During his time atop Afiniti, which uses artificial intelligence technology to power call centers around the world, Chishti cut an interesting figure in the capital, in part because he was an exotic rarity: the Beltway business bigwig who had made his money in the actual private sector, not in some familiar government-adjacent sector like federal contracting. He flew by corporate jet, was introduced around Davos by Britain’s Princess Beatrice, and counted former New Hampshire Senator John Sununu, former U.S. Treasury Secretary John Snow, and former Spanish Prime Minister Jose Maria Aznar as members of Afiniti’s board of directors. Washington Post publisher and CEO Fred Ryan was an early investor.
Then there was the advisory board, run by Cameron and filled with global muckety-mucks able to make introductions and otherwise fly the corporate flag.

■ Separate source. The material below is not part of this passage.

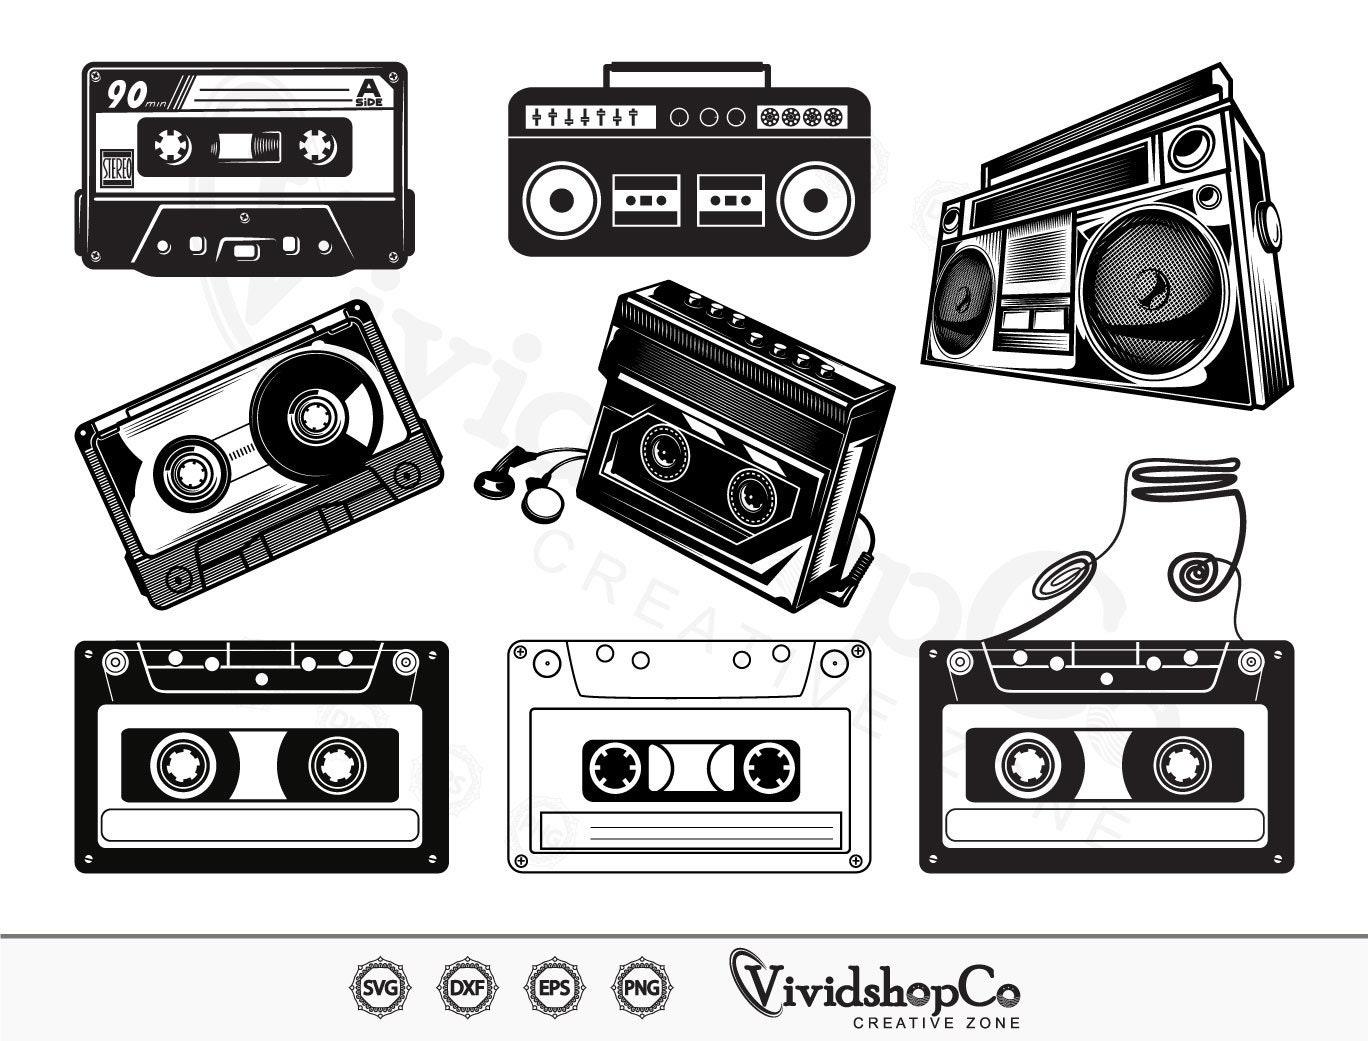 Cassette Tape SVG, Cassette Tape Vector, Silhouette, Cricut file, Clipart,  Cuttable Design, Png, Dxf & Eps Designs.

It was a neat trade-off, and a familiar one in the capital: The political bigwigs got to be part of something exciting and entrepreneurial; the company got to show off its global reach and connections. But the arbitrator’s report has the potential to be a significant embarrassment — a reminder that retired political types who lend their reputation to a business can take a hit if things go wrong.
“Afiniti did not adequately monitor sexual harassment within the company generally and did not monitor Mr. Chishti’s conduct after Ms. Spottiswoode reported … or even after Mr. Chishti was charged with and settled a sexual harassment claim from another young female Afiniti employee,” the report concludes. “In short, Afiniti negligently abdicated its duty to adequately supervise Mr. Chishti, allowing him unimpeded to place Ms. Spottiswoode in the precarious position she found herself in.” The firm was assessed its own fine of $1 million.
A spokeswoman for Afiniti said this week that the firm, now led by former Verizon President Lawrence Babbio, has undergone major changes since Chishti’s ouster. A former top Justice Department prosecutor was brought in to recommend management changes and examine what had happened. There’s been a lot of turnover.
“The behavior described in the arbitration is intolerable and does not reflect the values of Afiniti today,” the spokesperson said. “In November 2021, we severed all ties with our former CEO. He has had no role at the company since. This is a different company under new leadership. To ensure the safety and welfare of all our employees, we immediately made significant changes, including ending mandatory arbitration for sexual misconduct, strengthening our HR and compliance functions, and improving our reporting mechanisms.”
Another change happened more quietly: After Chishti’s departure, the advisory board was shut down.